Christmas Linzer biscuits
There’s nothing more festive than Linzer biscuits at Christmas time, and you’ll enjoy these even more knowing they are much lower in carbs and sugar thanks to our 98% Sugar Free Vanilla Velvet Cake Mix. Enjoy them with your favourite low sugar jam!
You will need
- 1 x Noshu 98% Sugar Free Vanilla Velvet Cake Mix
- Linzer cookie cutter
- Digital kitchen scales
- Electric mixer
for the biscuits
- 270 g Noshu 98% Sugar Free Vanilla Velvet Cake Mix
- 165 g almond meal
- 120 g plain flour
- 1 tsp cinnamon
- 1 x extra large egg
- 2 x extra large eggs (yolks only)
- 170 g butter, softened
- 2 tsp vanilla essence
- 1 small lemon (zest only)
- Pinch salt
for the filling
- 1/2 cup low sugar jam (we used raspberry and apricot)
Preheat oven to 170°C (160°C fan forced) and have your 2 baking trays ready.
- In a medium mixing bowl, whip butter with an electric mixer on medium speed until smooth and pale in colour. Add your egg yolks, egg and vanilla, and continue whipping on medium speed until fully combined and fluffy.
- Add vanilla cake mix, almond meal, plain flour, cinnamon, salt, and lemon zest. Using your hands or the electric mixer on low speed, mix until a dough forms.
- Place your dough on a lined plate, cover with cling film and refrigerate for at least 2 hours.
- Once the dough has rested, take it out of the fridge and let stand for 15 minutes. Put 2 pieces of baking paper directly on your counter and dust your rolling pin lightly with some plain flour. Roll the dough out thinly on the baking paper sheets to about 4 mm thick. Take your cookie cutter and cut your shapes out. Lift away the excess dough, leaving your shapes on the baking paper.
- Roll out the excess dough to the same thickness and repeat the process until your dough is used up.
- To create the top half of your biscuits, take your mini cookie cutter and cut shapes into half of your biscuits to create the jam window – and if the shape you are stamping out doesn’t come out with the cutter, use a tooth pick to help. Add the offcuts together for re-rolling and repeat the process again to use up all of the dough.

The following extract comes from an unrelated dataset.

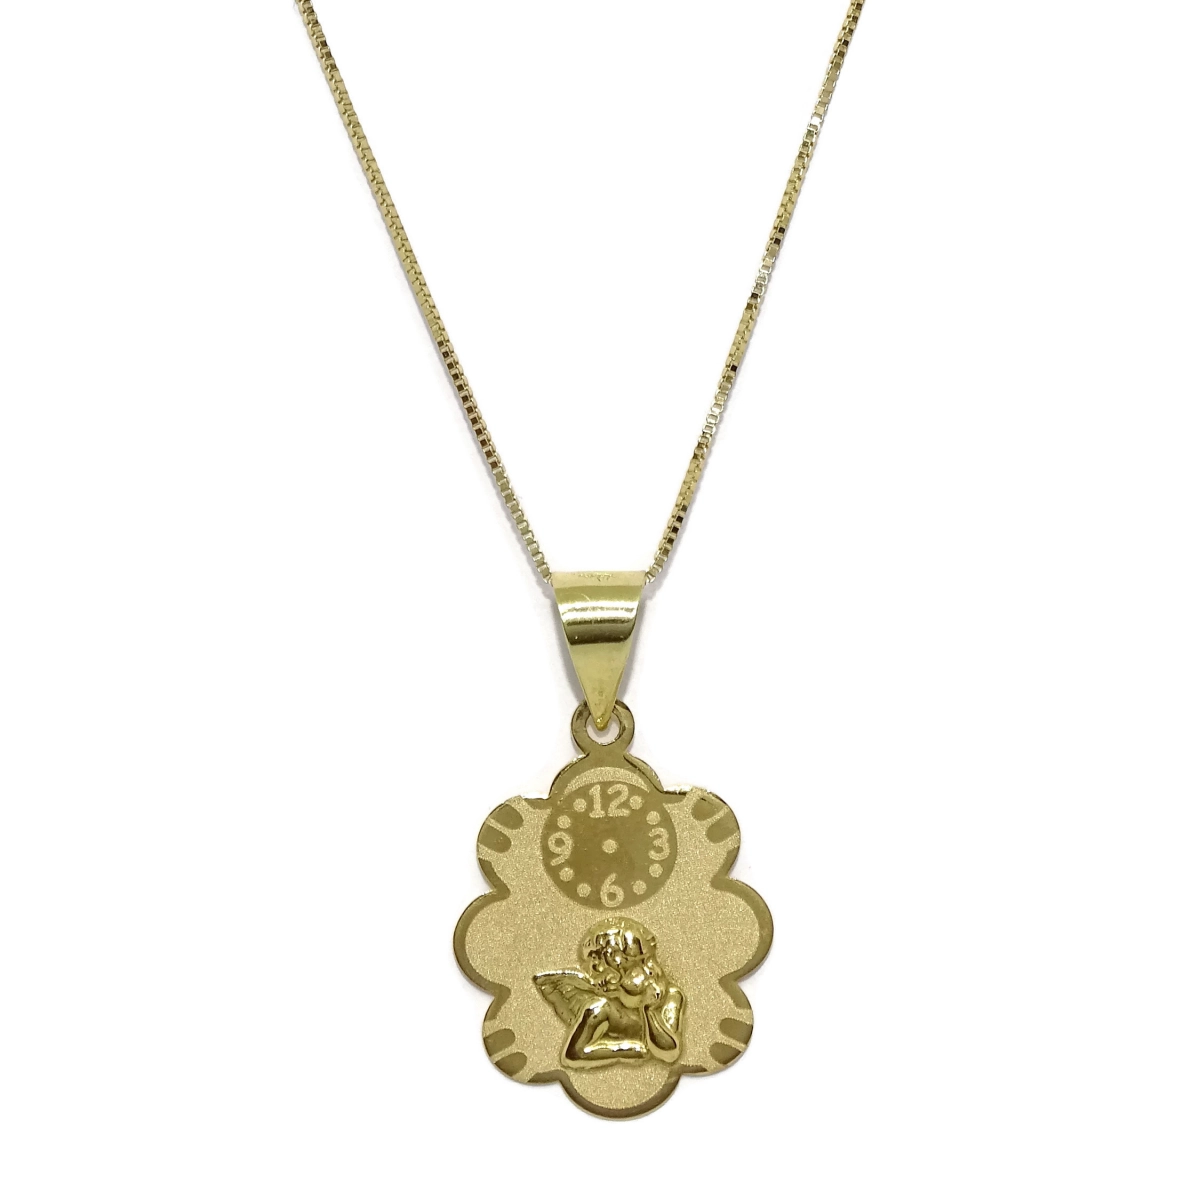 PENDANT FOR BABY� OF 18K YELLOW GOLD WITH A CLOUD, WATCH, AND ANGEL WITH A CHAIN OF VENETIAN GOLD AM NEVER SAY NEVER

- Carefully pick up the baking paper with your biscuits and place them onto your baking trays. Refrigerate them for 30 minutes to help the biscuits keep their shape.
- Bake for 12 minutes or until lightly golden brown and biscuits feel firm to touch. Transfer your biscuits to a wire cooling rack to cool completely before assembling them.
- When the biscuits are completely cooled, spread about half a teaspoon of jam over your bottom biscuits. Pick up your top biscuits and carefully place them on top of the jam. Voila! Your Linzer biscuits are ready to enjoy.
Store in an airtight container for up to 1 week.